Contract Law

The power of a solo signature: A dual director / secretary’s authority to execute   

Hino Group Pty Ltd v Singh and Anor [2024] NSWDC 124

Andrew Hales | Karen Hanigan | Jasper Choi

Key takeout

A director who is also a company secretary of a multi-director company, can validly execute a contract for sale of a property on the company’s behalf under section 127(1)(b) of the Corporations Act 2001 (Cth) without an additional director signatory. 

Facts

This decision concerned a contract for the sale of an ‘off the plan’ apartment in Barangaroo, Sydney with a purchase price of $7.1 million.  The contract was executed on behalf of the vendor, Hino Group Pty Ltd (Hino), by Mr Wan, who was both a director and the company secretary of the company.  At the time of execution, the other director was Mr Wan’s mother, Ms Huang.  The reason Ms Huang became a director was so she could execute documents on the company’s behalf when Mr Wan was overseas.  Her evidence was that she thought a single director could sign documents on the company’s behalf.

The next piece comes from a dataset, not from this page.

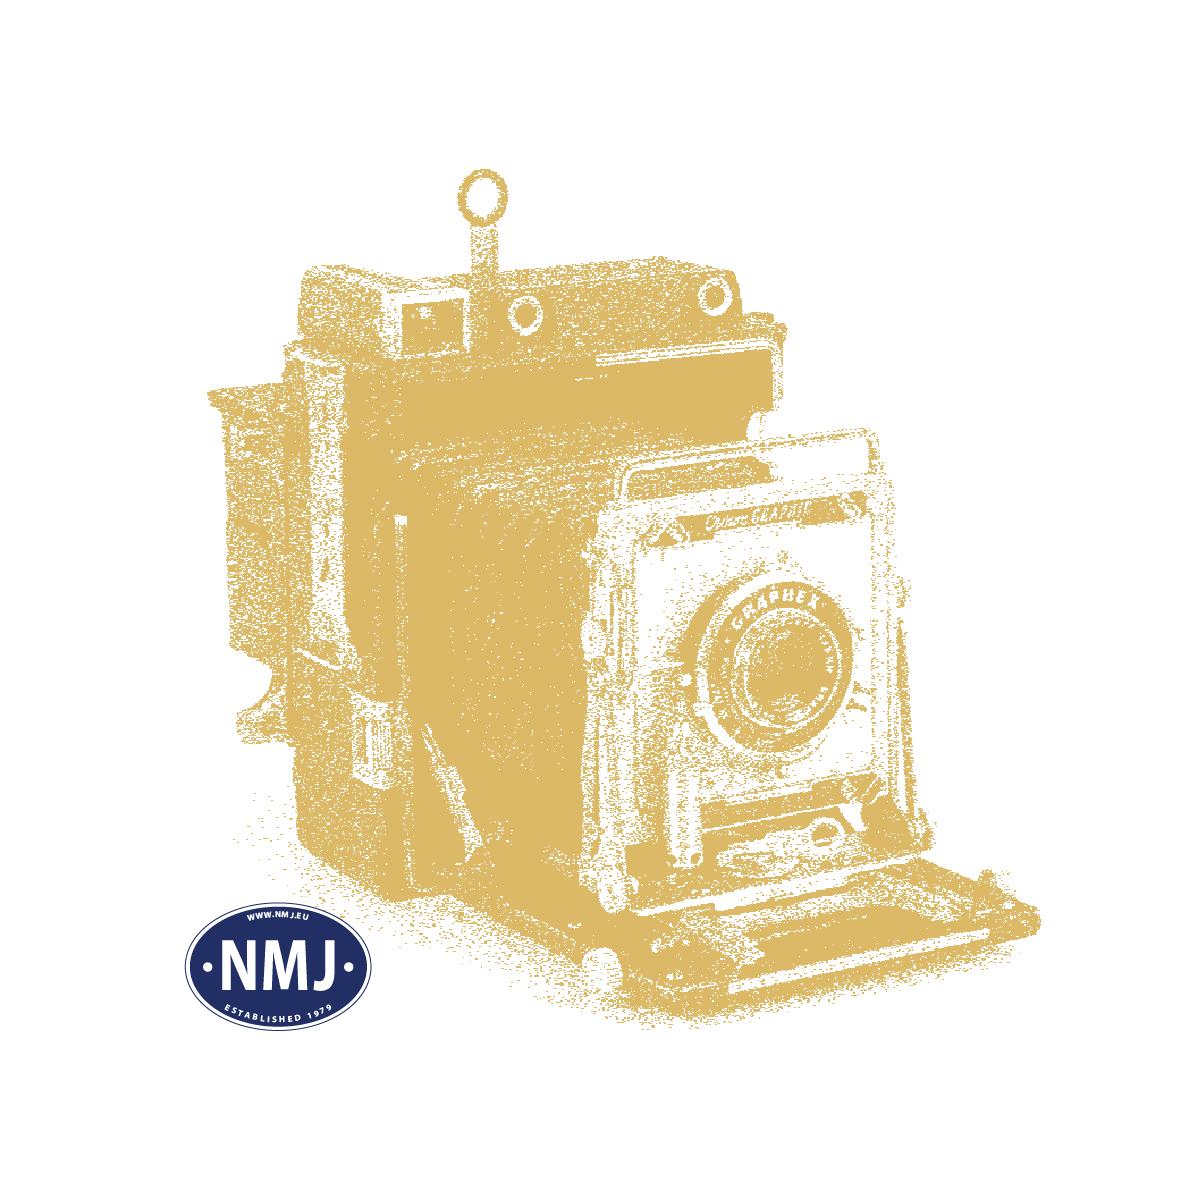 MIN717-21 - Gresstuster, Kort utgave, Vår, Stor Pakke

The defendant purchasers paid a holding deposit of $17,750 but failed to pay the $692,250 outstanding balance of the deposit.  Hino issued a notice of termination and a letter of demand for payment of the outstanding deposit.

The purchasers contested their obligation to pay the balance of the deposit, arguing that the contract was not executed in accordance with either the Corporations Act or Hino’s company constitution, thereby invalidating the agreement.

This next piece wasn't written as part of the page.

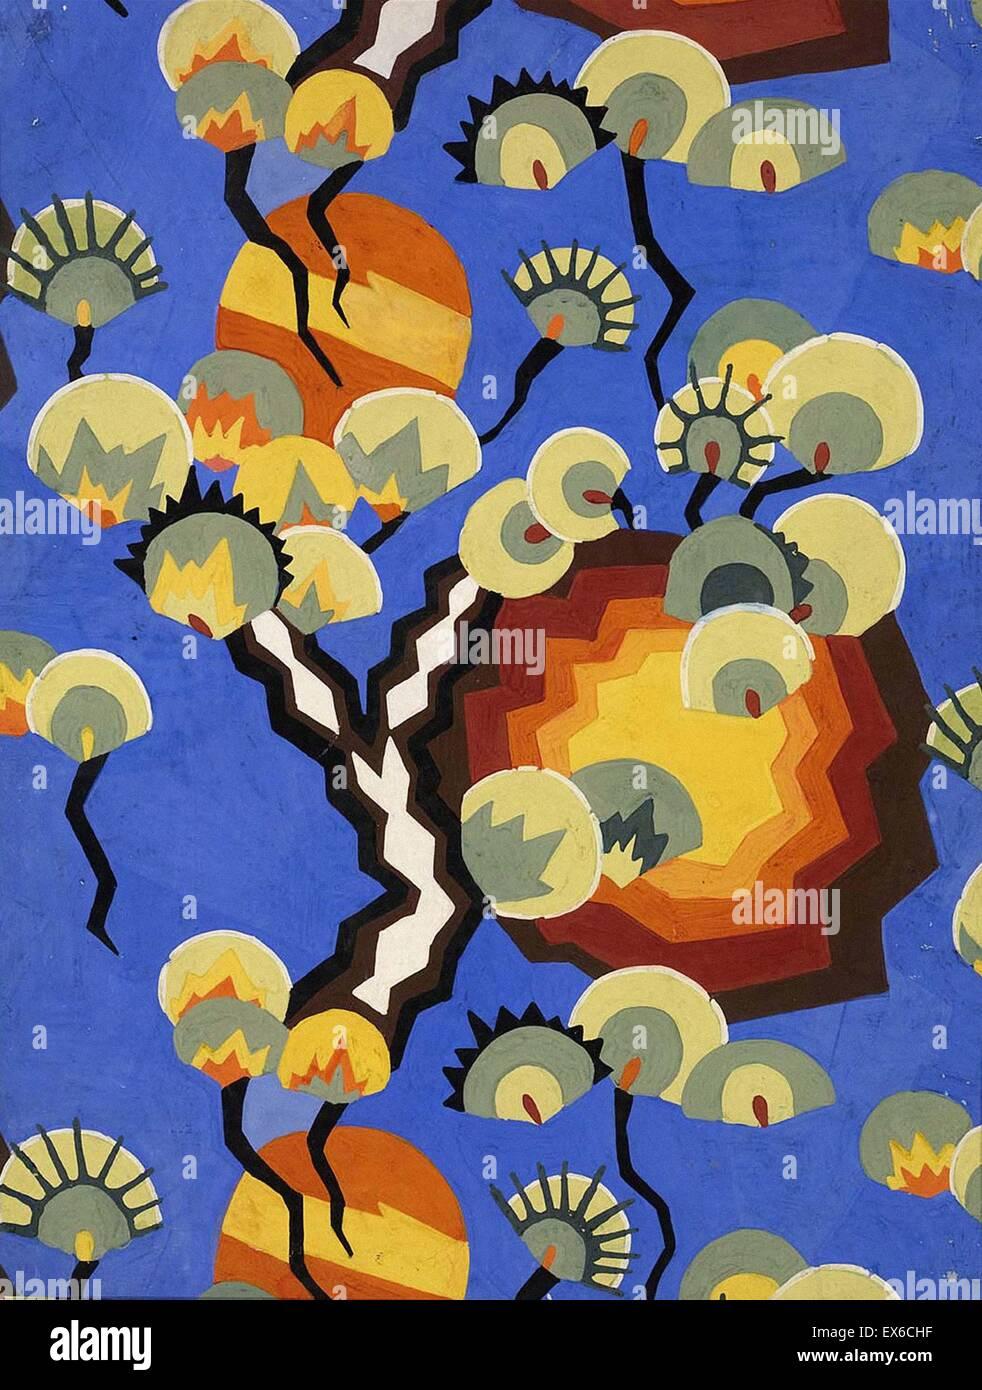 Loïs Mailou Jones il design tessile per il cretonne Immagini Stock

Singh challenged the validity of Mr Wan’s execution on the grounds that it was:

  • not in accordance with the Corporations Act;
  • not in accordance with Hino’s company constitution; and
  • not validly ratified.

Decision  

The court found that the contract for sale was validly executed by Mr Wan in accordance with s 127(1)(b) of the Corporations Act and the company’s constitution.  Judgment was entered for Hino, requiring the purchasers to pay the balance of the deposit plus interest and costs. 

This decision affirms and follows Zhang v BM Sydney Building Materials Pty Ltd [2016] NSWCA 166, which confirmed that parties dealing with a company were entitled to assume that the company’s constitution had been complied with and that a director had been duly appointed and had authority to exercise the powers customarily performed by a director of a similar company.  That included relying on execution of a document where a signature appeared above the word ‘director’ or ‘secretary’ (as the case may be) without needing to make any enquiry, and without checking the appointment or name of the director or the veracity of the signature.

The relevant clause of the company’s constitution stated that: ‘…or 1 director who is a sole director or who is both a director and company secretary may…execute a negotiable instrument or other documents’.  The court held that these words are not to be interpreted as being confined to sole director companies.

The court also concluded that even if Mr Wan failed in the manner in which he executed the contract to comply with the Corporations Act and the company’s constitution, Hino had unequivocally ratified Mr Wan’s alleged ‘unauthorised’ execution of the contract.

An argument that the serving of a letter of demand together with a notice of termination had the combined effect of extending the time to pay the balance due was also rejected by the court.